• _RECORDED INFORMATION_:
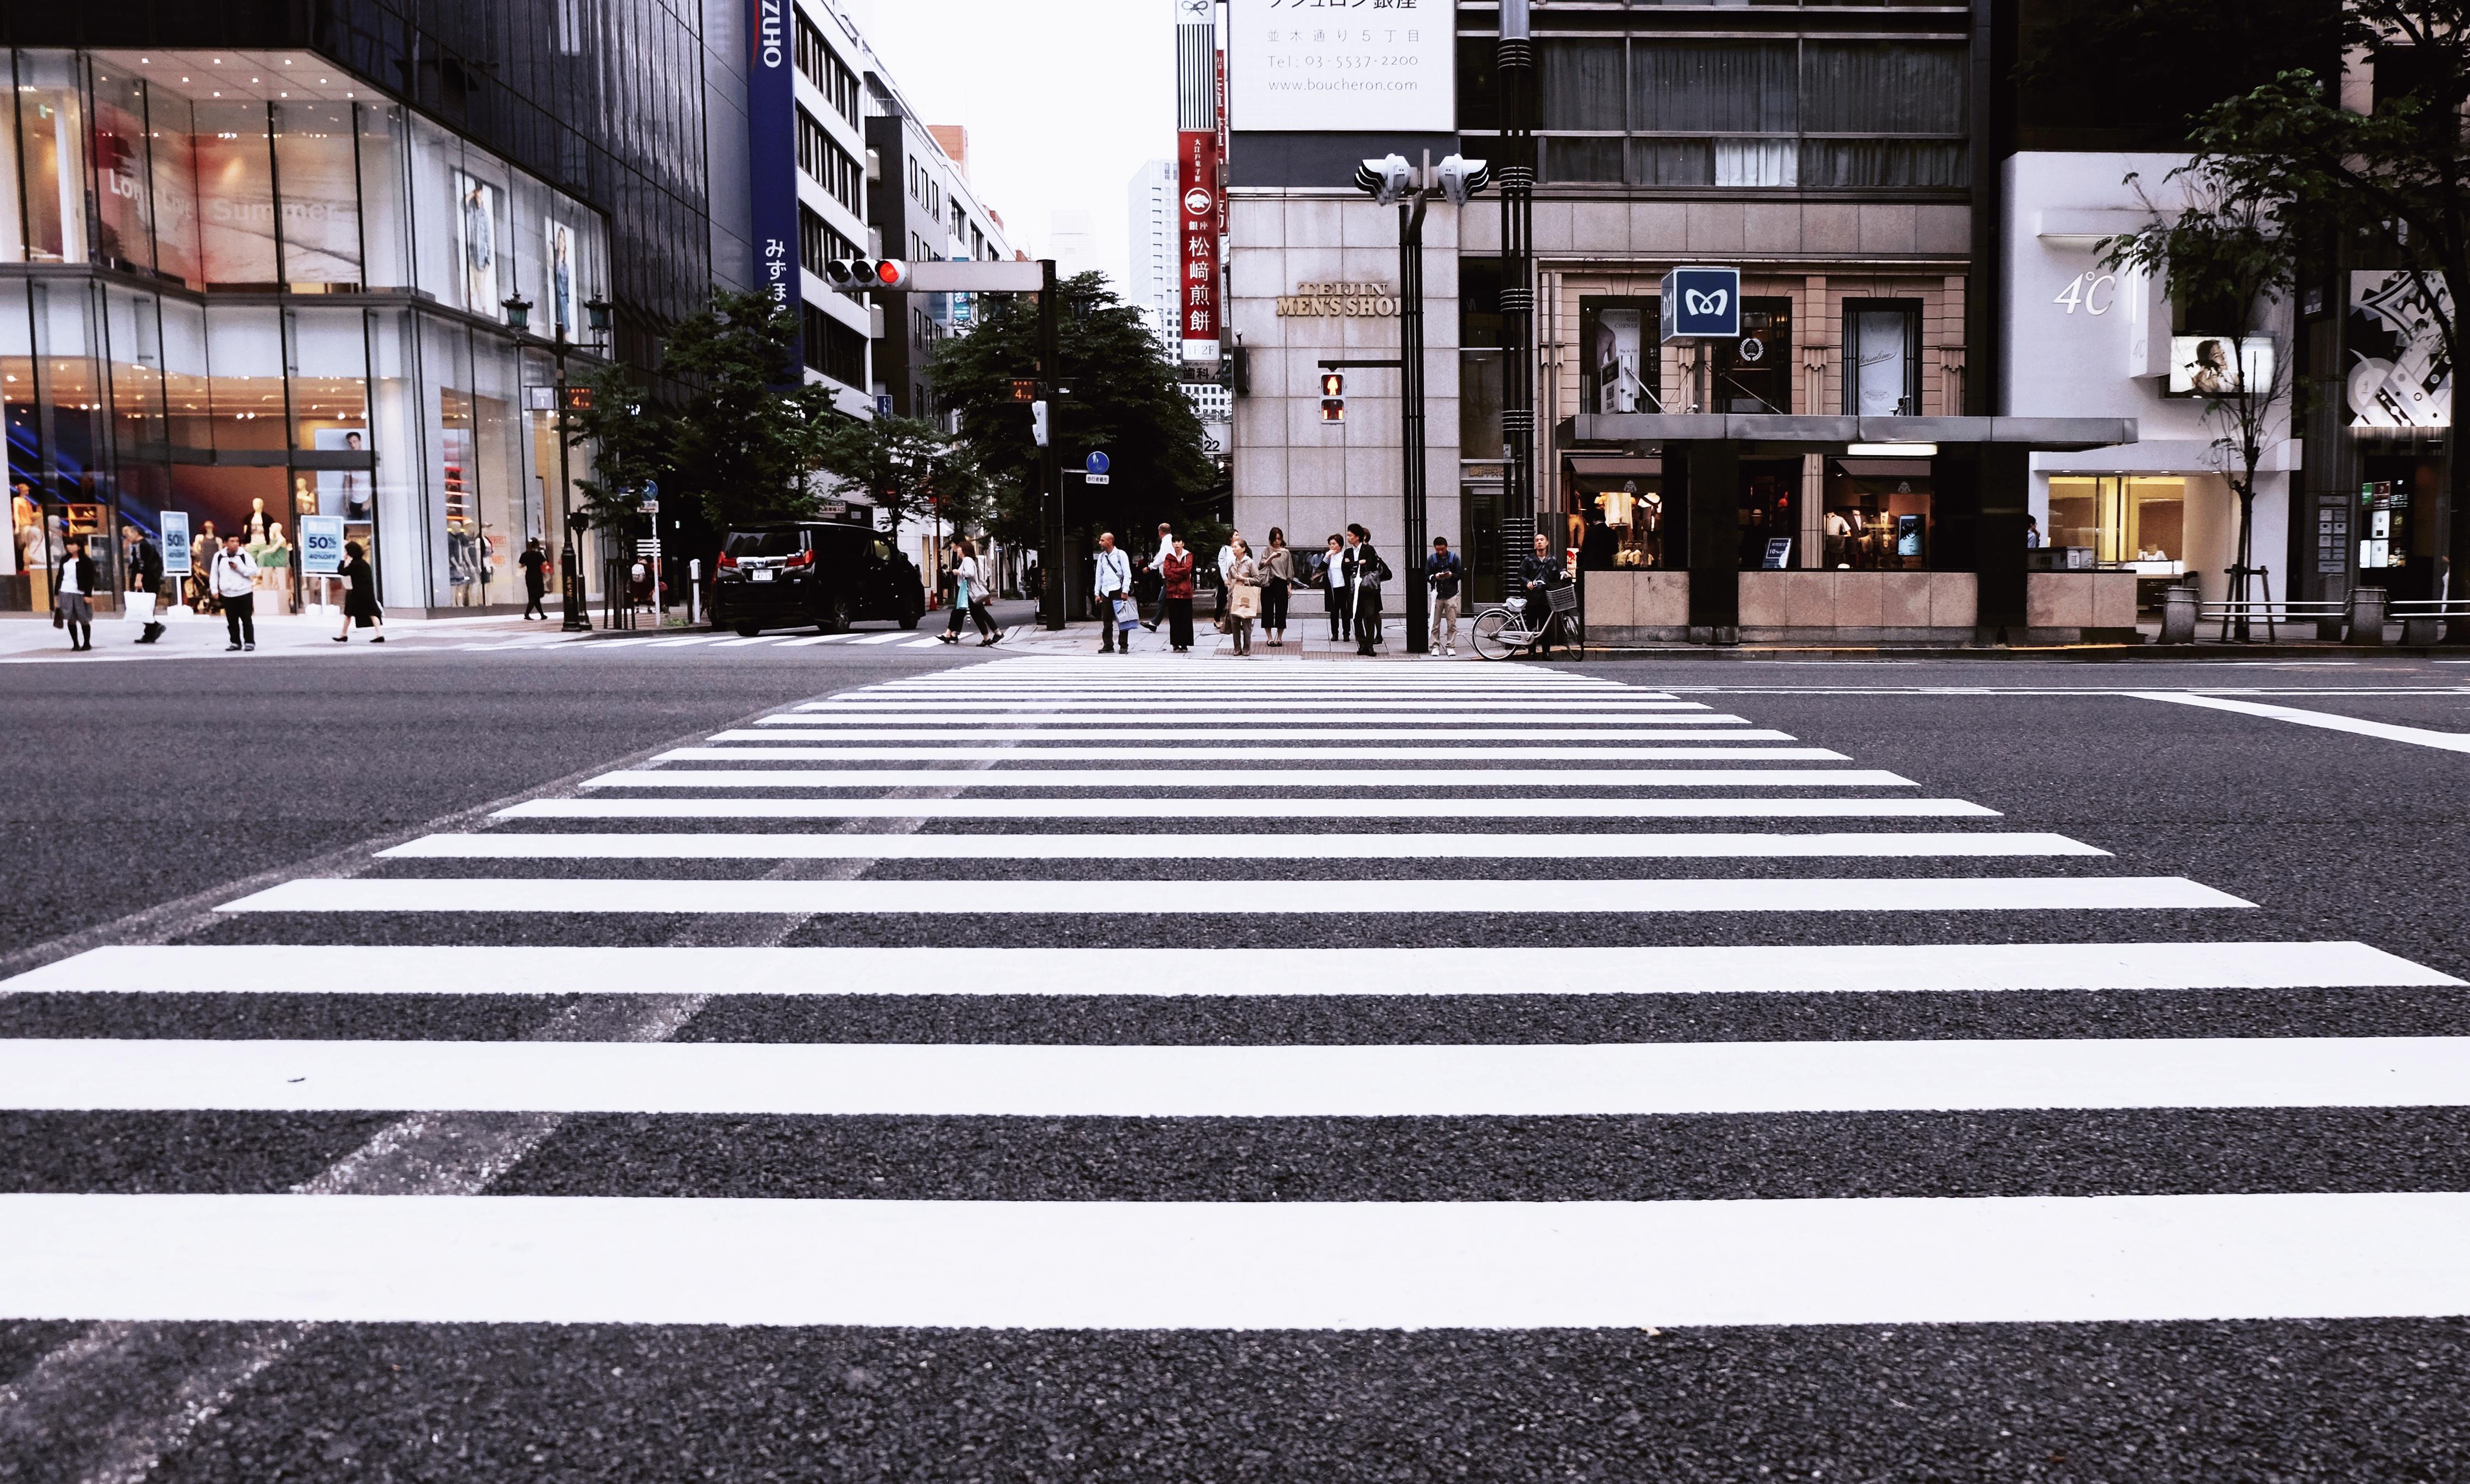 Free Images : Person, Street, Sidewalk, City, Asphalt
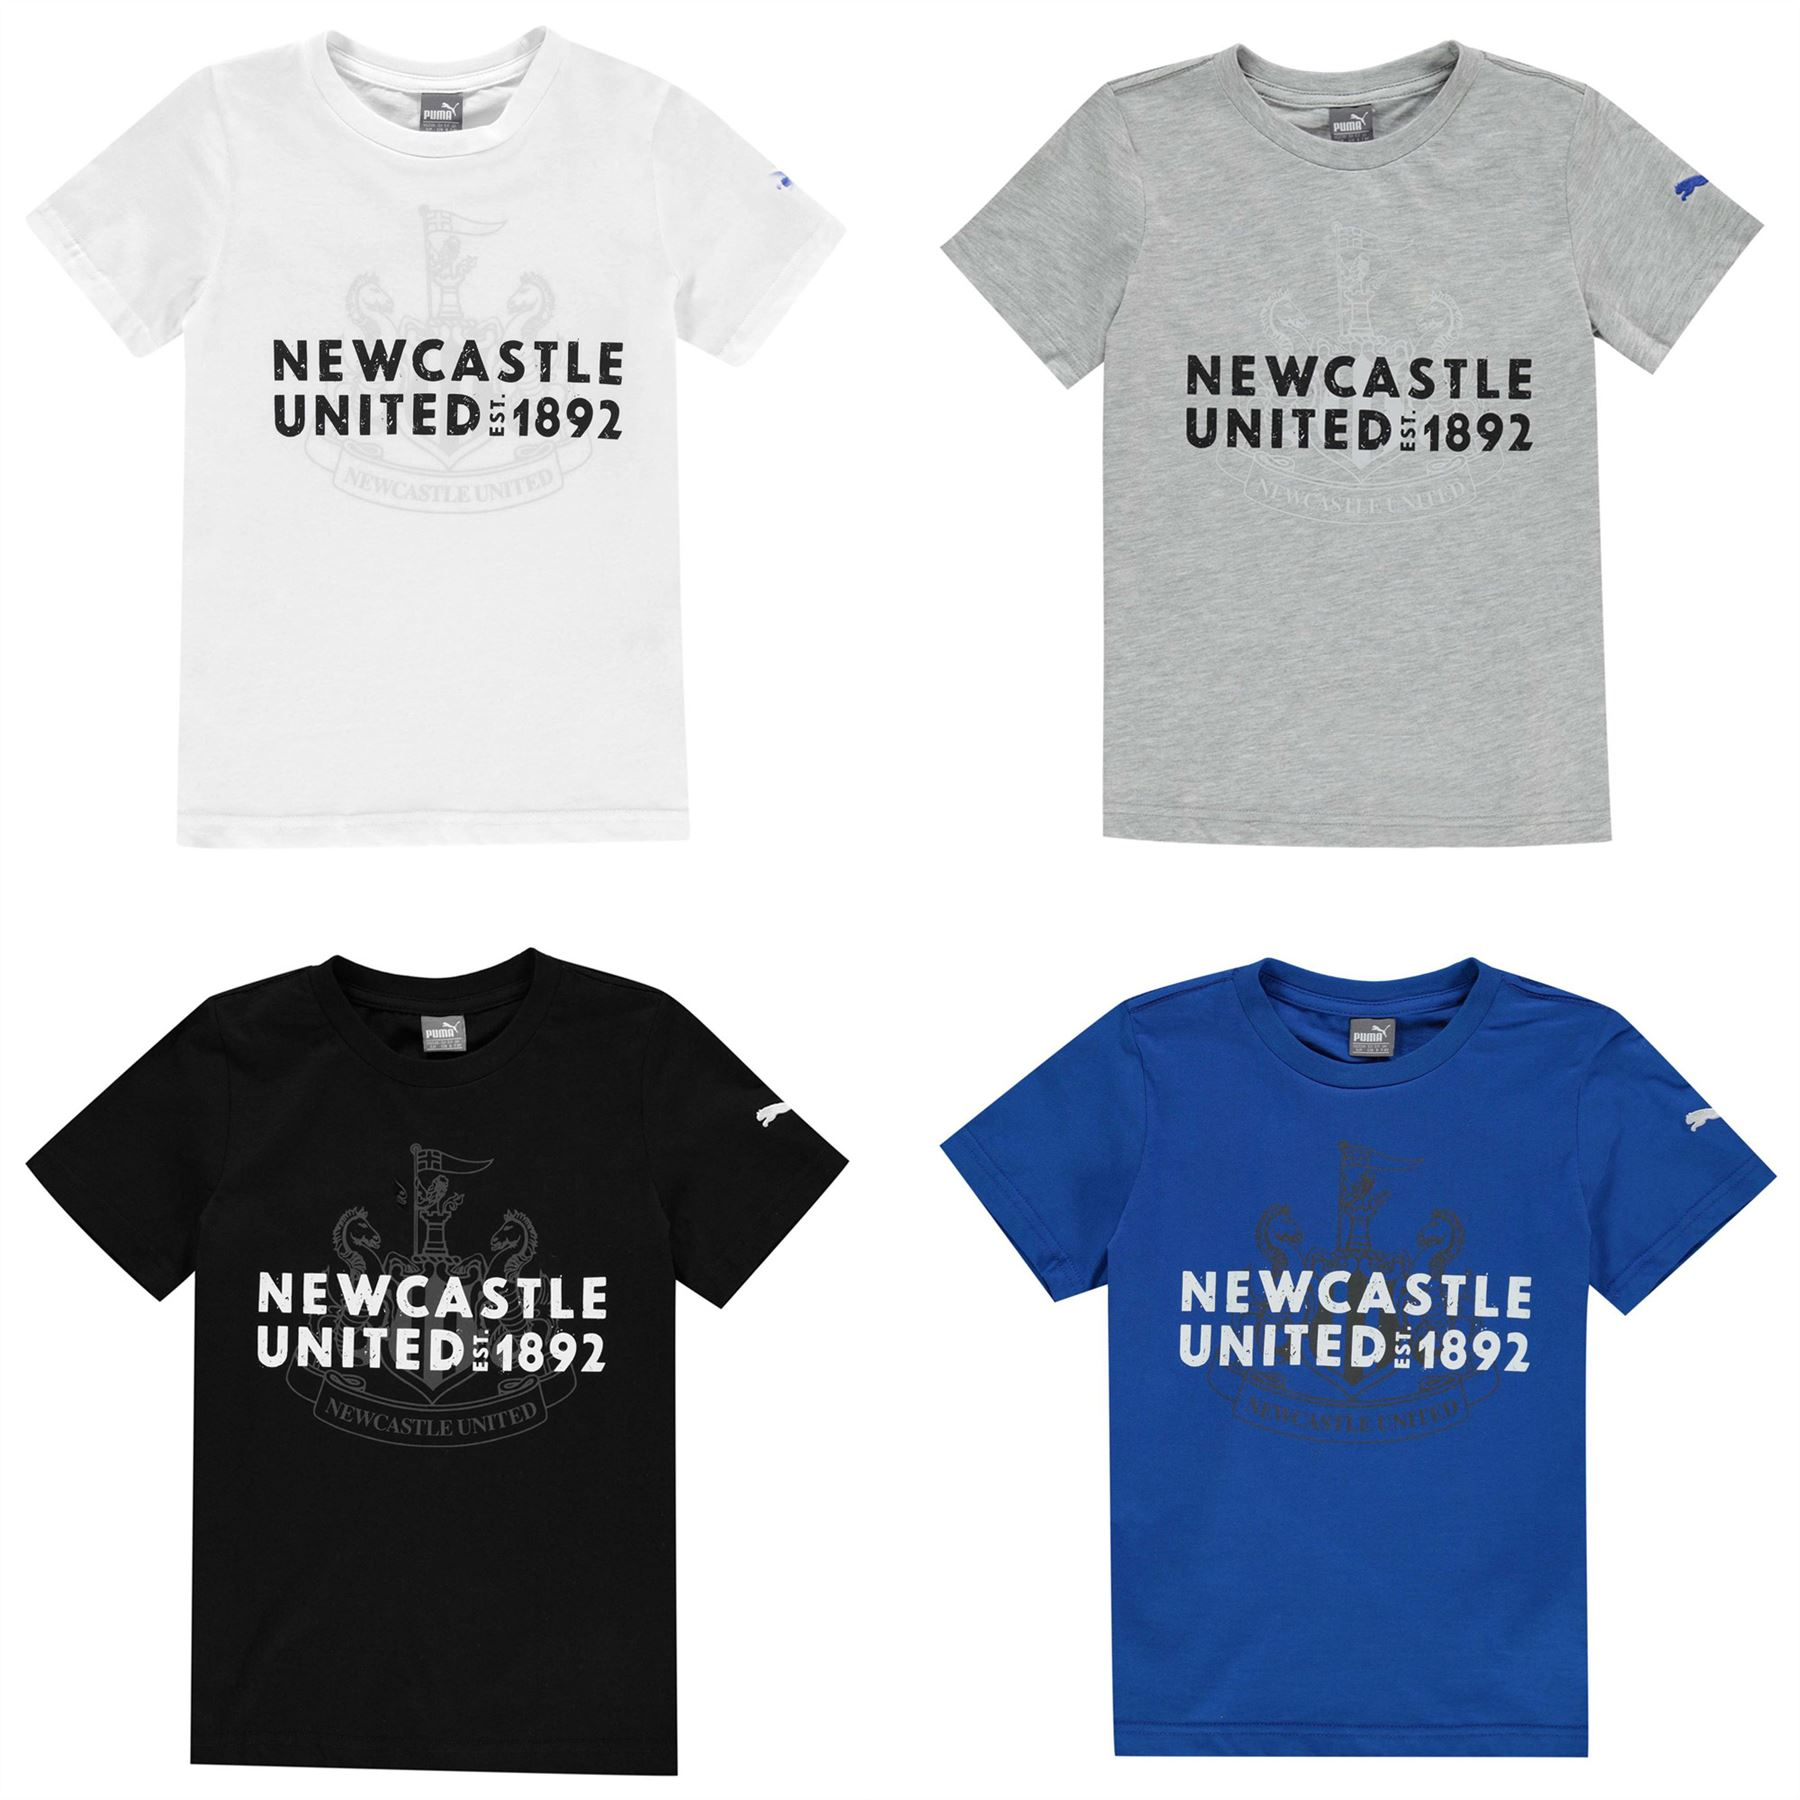 4640125e5657 ... Puma Newcastle United Graphic T-Shirt Juniors Football Soccer Fan Top Tee  Shirt ...
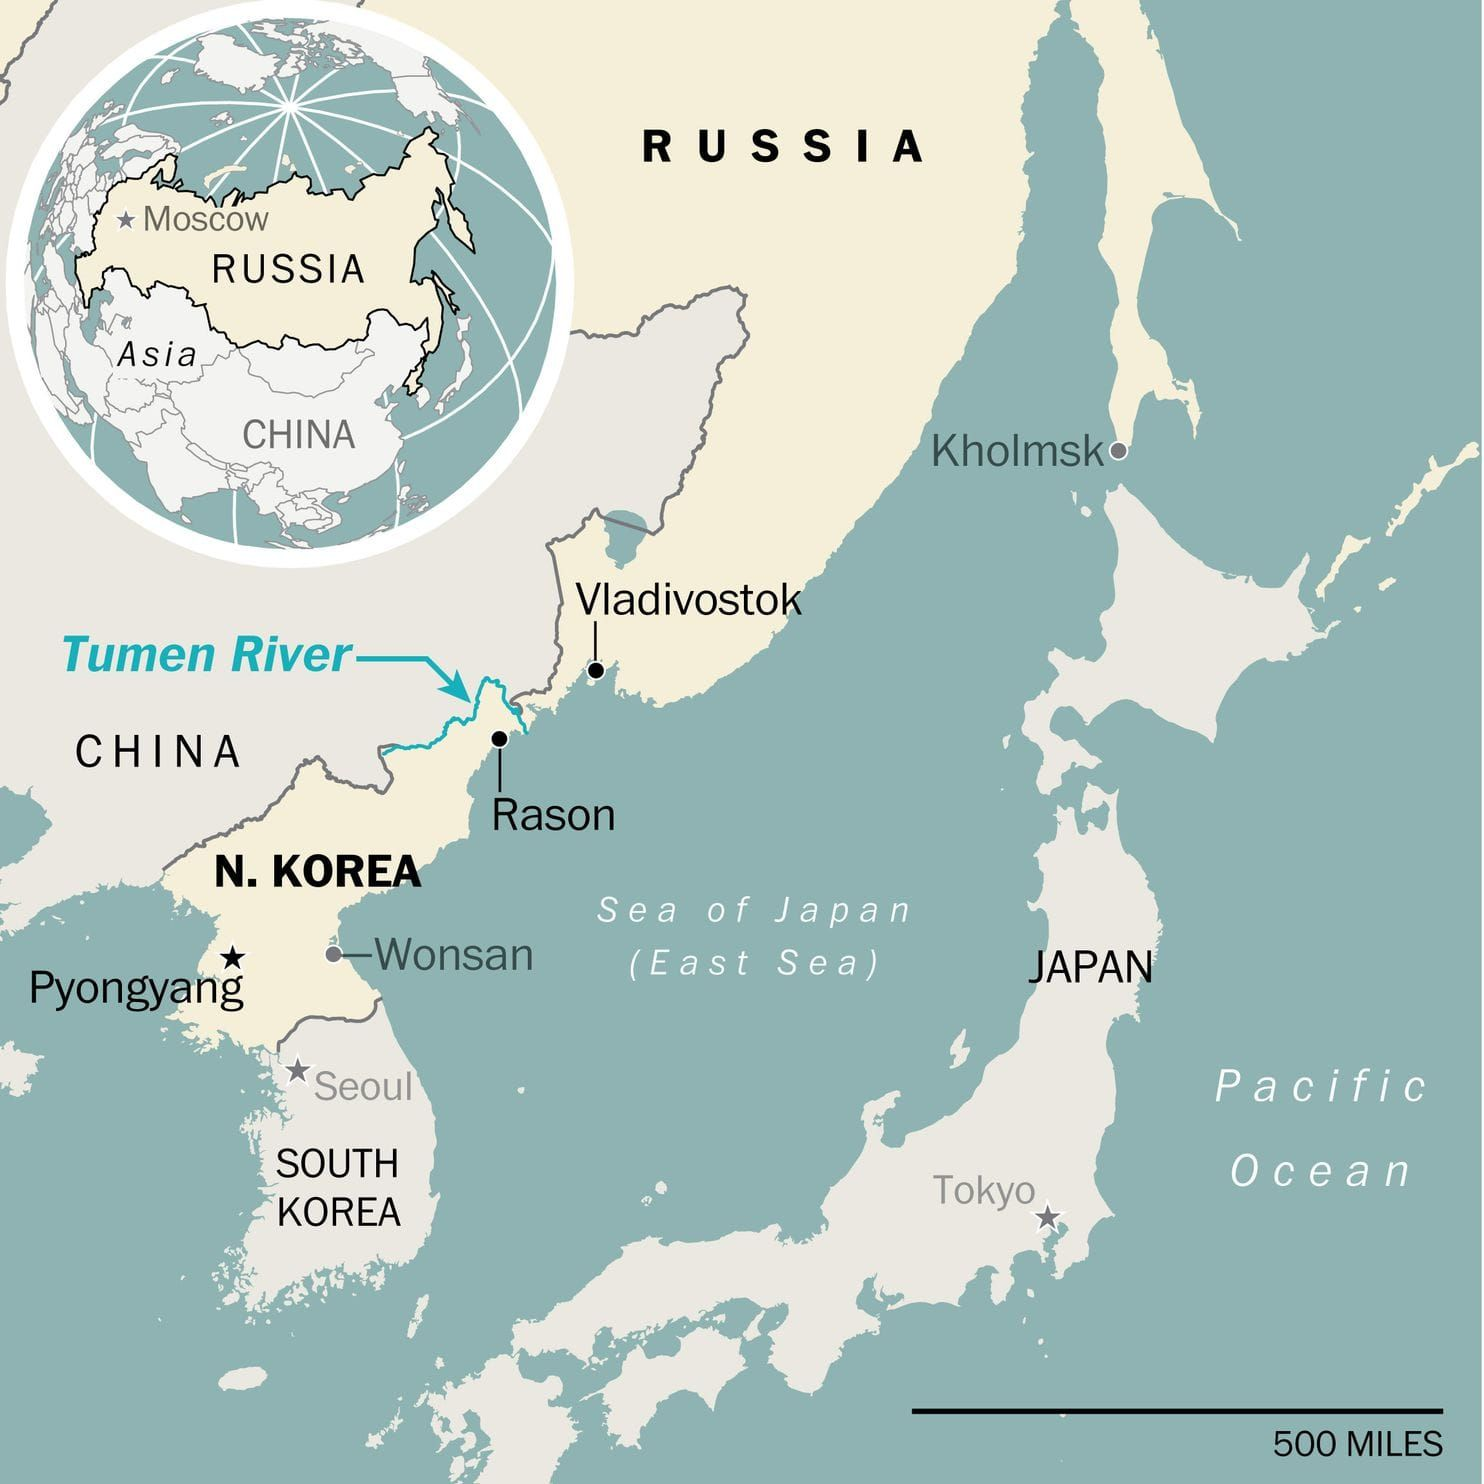 Russia Wants To Build A Bridge To North Korea Literally Russia

• _INSTRUCTIONS FOR THE TASK_: This task calls for the listing to be restated exactly, with images omitted.

• _ANSWER BELOW_:
 Free Images : Person, Street, Sidewalk, City, Asphalt
 4640125e5657 ... Puma Newcastle United Graphic T-Shirt Juniors Football Soccer Fan Top Tee  Shirt ...
 Russia Wants To Build A Bridge To North Korea Literally Russia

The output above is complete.